“Reality is merely an illusion, albeit a very persistent one” – Albert Einstein . 

 

I’m sure there are many of us that remember the following mind-bending quote. 

“There are known knowns. These are things we know. There are known unknowns. That is to say, there are things we know we don’t know. But there are also unknown unknowns. These are things we don’t know we don’t know.” – Donald Rumsfeld, former US Secretary of Defence.

 

Thinking you know something without supporting evidence can really hurt a business.  

Consider the friction created by thinking you know your clients, when in reality you don’t. You may even make a significant change to your business model. You may even believe it would be a great idea to buy or merge with another business. Even worse you could sell your business to a new owner all without knowing how your clients will react. 

Change is virtually impossible to deliver unchallenged. Sydney J Harris, an American journalist and columnist, summed it up brilliantly when he wrote, ”Our dilemma is that we hate change and love it at the same time; what we really want is for things to remain the same but get better.” 

 

Stewardship Wealth actively participates in client surveys to ensure we really know our clients. We want to be sure about their values, attitudes and expectations. We want to know what they value about the things we do. Our Concilium meetings, where we gather a group of clients together to discuss issues, gives us the added advantage of hearing first hand from clients their opinions when we share our plans. We also get to talk about ideas we believe will improve our service, and receive immediate feedback, both positive and negative. 

Recent research by Schroder and Ad Lucem, a financial services thought leadership collective, highlighted the dangers of advisers mistakenly believing they really knew their clients. 

Here’s the background. Almost ten years ago the Centre for Economics and Business Research issued the results of a study suggesting that by 2025 over half of the wealth in the UK would be controlled by women. The transfer of wealth from ageing baby boomers was more likely to be from a deceased male to their female spouse or partner.  

Truly understanding the health of your relationship with your clients, is vital. What Schroder and Ad Lucem’s research found was that there was a significant disconnect between what businesses believed about the strength of their client relationship, and their clients’ opinions. Here are some of the study’s findings. 

 

The big question was, “If your partner were to die, would you stay with your existing financial adviser?” When asked, only 34% said they would, yet their advisers assumed 62% would retain their relationship with the business.  

 

“The customer’s perception is your reality.”- Kate Zabriskie. 

 

Such a gap between the adviser’s perception and the facts is alarming. Trust and understanding financial and non-financial goals form the foundation of any working relationship. It is inconceivable clients would stay with a financial planning business they didn’t trust. 

Unsurprisingly women value things differently from men. Women want someone they can trust, delivers value for money, peace of mind, and progress towards their goals. They regard spending time discussing both financial and non-financial goals as important.  

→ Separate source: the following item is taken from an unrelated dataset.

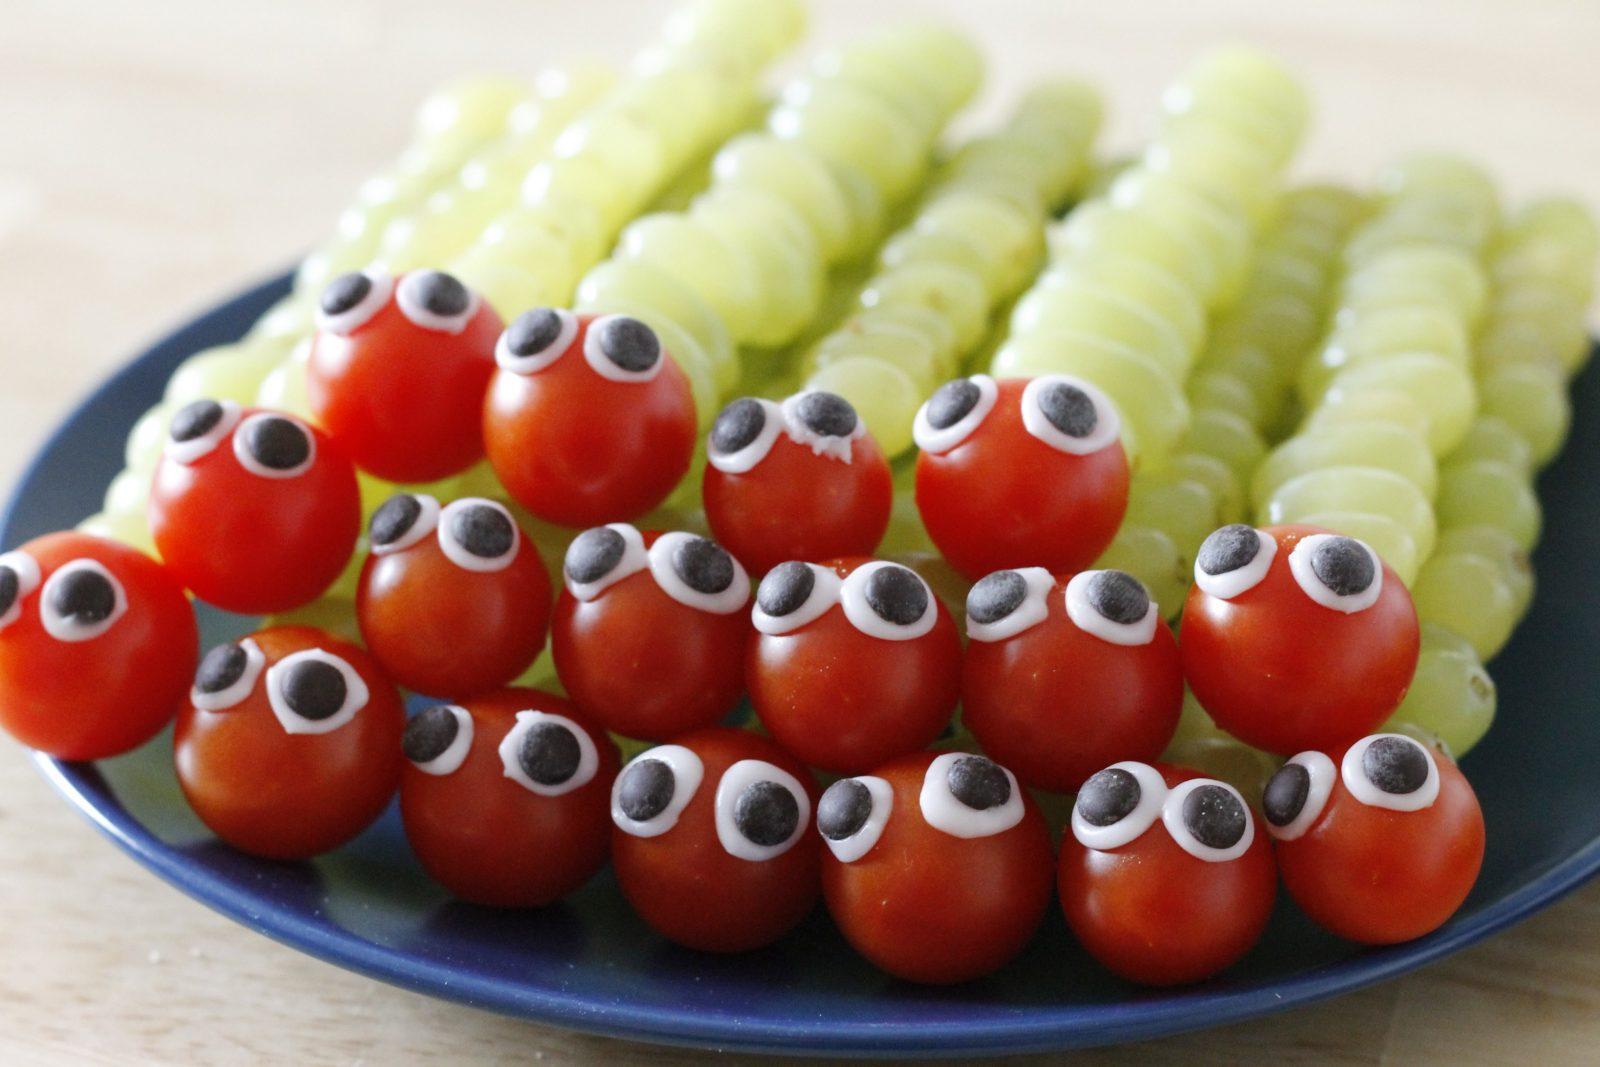 Regenbogen Einhorn Geburtstag Deko Spiele  Kuchen Für Konzept Obst von Obst Deko Für Kindergeburtstag Photo

Men tend to lean towards investment performance and are less likely to seek advice as they often appear more confident in their own ability.  

By comparison women prefer to take less risk and be more diversified, choosing not to make too many changes to their portfolios, but taking a longer view. They are also less likely to chase “hot stocks” which often results in highly concentrated, higher risk portfolios. Interestingly research also shows that women often enjoy better returns than men.  

Here are some other findings: 

  • 29% of advisers thought that women would find managing their finances on their own difficult. In reality, only 9% of women felt it would be challenging. 
  • 45% of advisers said their main contact was with the male client, 22% always made sure both partners were present. And 66% of advisers said it was difficult to engage with both partners. 

All of this is good news for financial planners who take time to meet with their clients regularly, who actively listen, understand and address their concerns as well as updating them on their progress. It makes sense for planners to encourage both partners to attend all meetings whenever possible, and communicate in a way that both clients can understand. 

 

“The more you engage with customers, the clearer things become and the easier it is to determine what you should be doing.” John Russell.  

 

We know this is only achieved through time, experience, patience and effort. Every time we meet with you, we aim to come away from the conversation better. Better informed, better equipped and more aware of your opinions, and expectations. We believe it’s good to talk, as the late Bob Hoskins used to say.